So back in January, we told you how Architectural Digest was planning to name Tony Ingrao to its 2014 AD100 list. For those of you not familiar with this list, it honors people it deems to be “the world’s best interior designers and architects.” And for those of you unfamiliar with Tony Ingrao, he’s the property owner in Denis Bay who was fined last year for building on and altering land owned by the National Park Service.
Take a moment to digest that if you will…
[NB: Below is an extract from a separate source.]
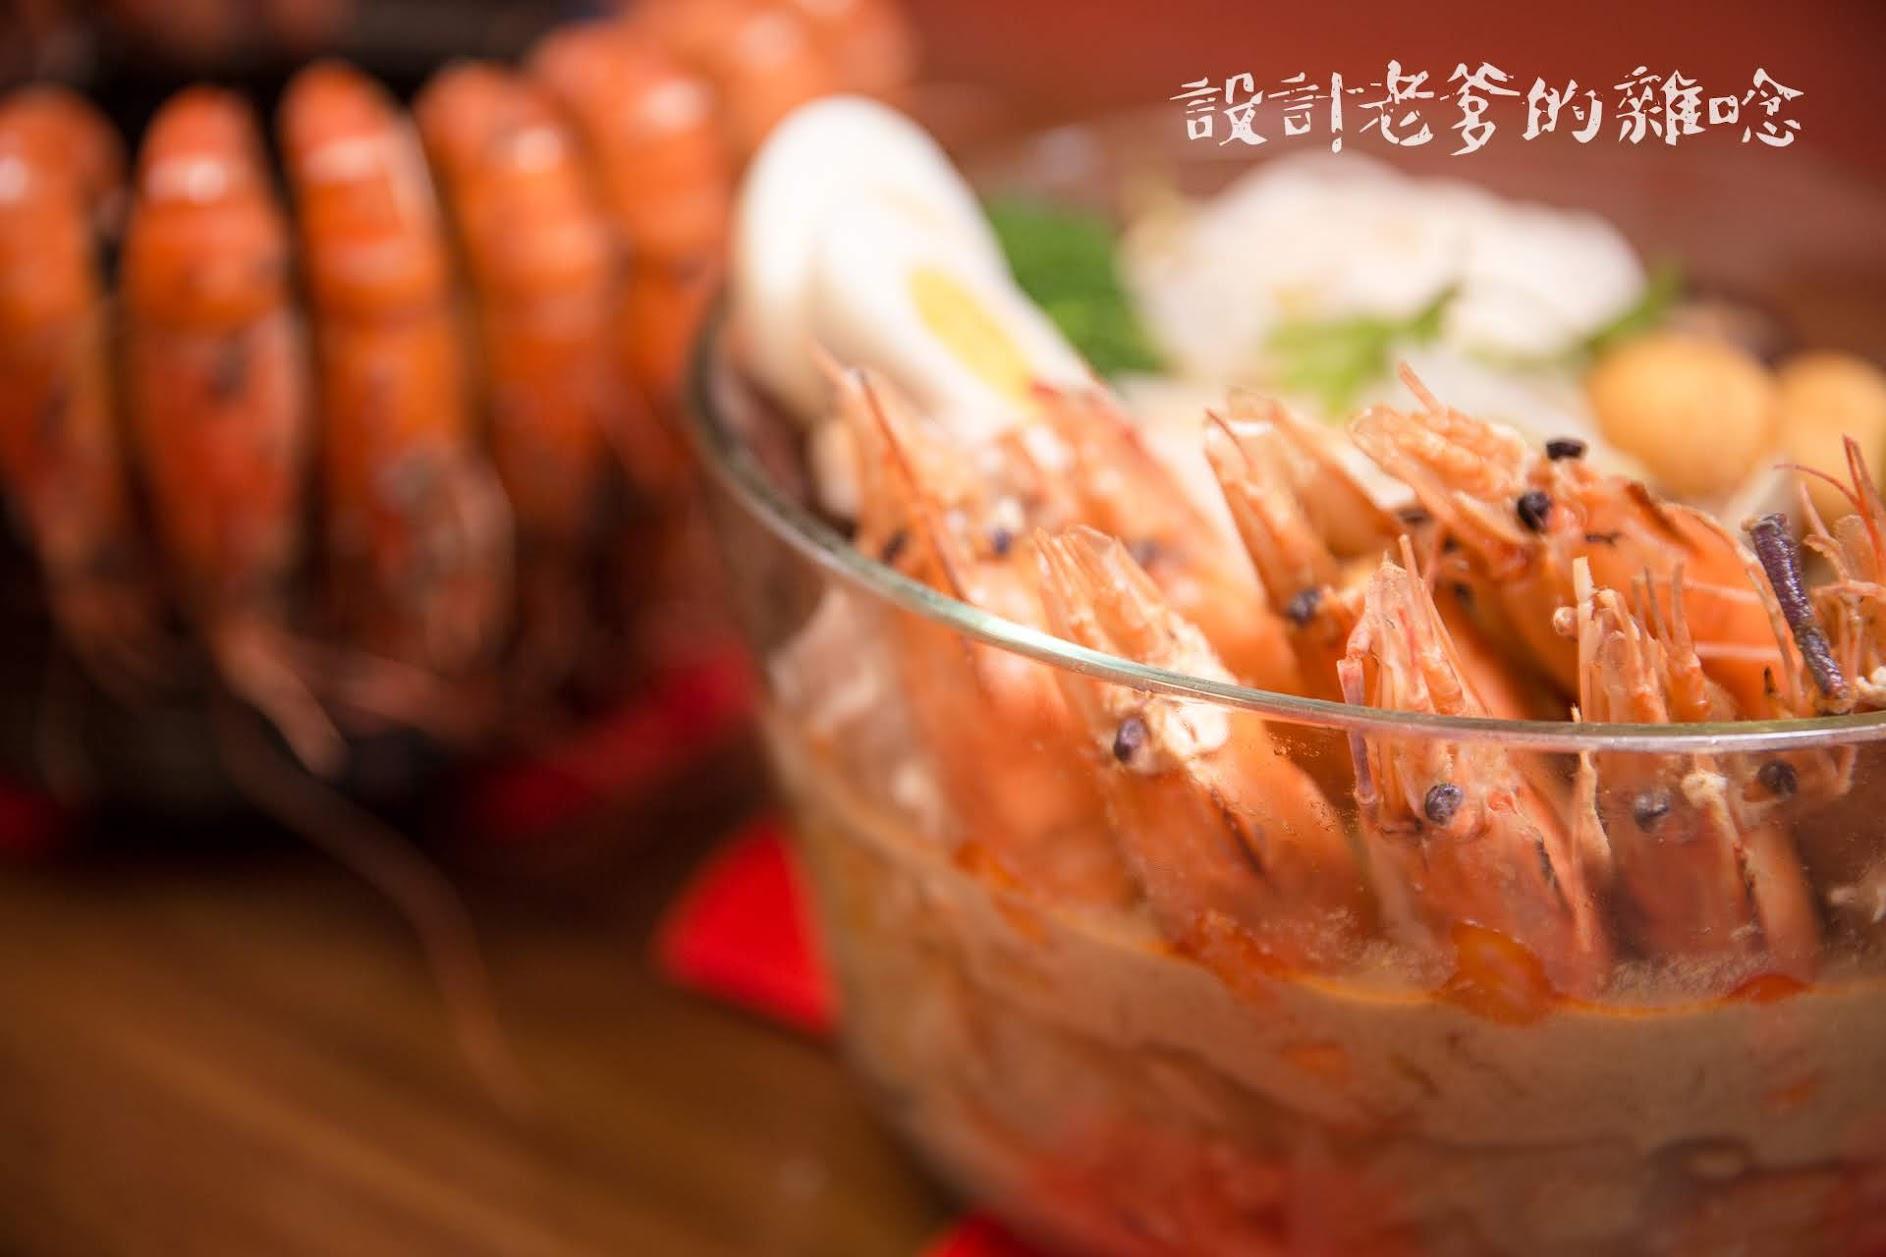 段泰國蝦 Duan Thai Shrimp...好蝦令人催淚!小娃各個感動到哭的美味!應該是感動吧?

Not only has Architectural Digest honored Ingrao for his design and architectural skills, it also devoted an eight-page spread to his Denis Bay home in its 2014 issue – the same Denis Bay home that created an eyesore on the North Shore. But what riles me up the most is some of the verbiage used in the article. Take the headline for example:
“Making the most of a lush hillside spot, the duo carve out an exhilarating retreat overlooking the azure sea.”
Carve out. Yes, they certainly did carve out something over there in Denis Bay – they carved out a chunk of the National Park.
Let’s move on to the first sentence: “Americans are accustomed to taking liberties, especially when it comes to architecture.”
Ingrao certainly took some liberties when building his property. He built on other people’s land, created a landslide and carved a huge chunk out of the hillside.
But Ingrao’s quote near the end of the article is the pièce de résistance: “This house is elemental. It feels like it’s growing out of the park.”
That’s because it is.
Comment away my friends. Comment away.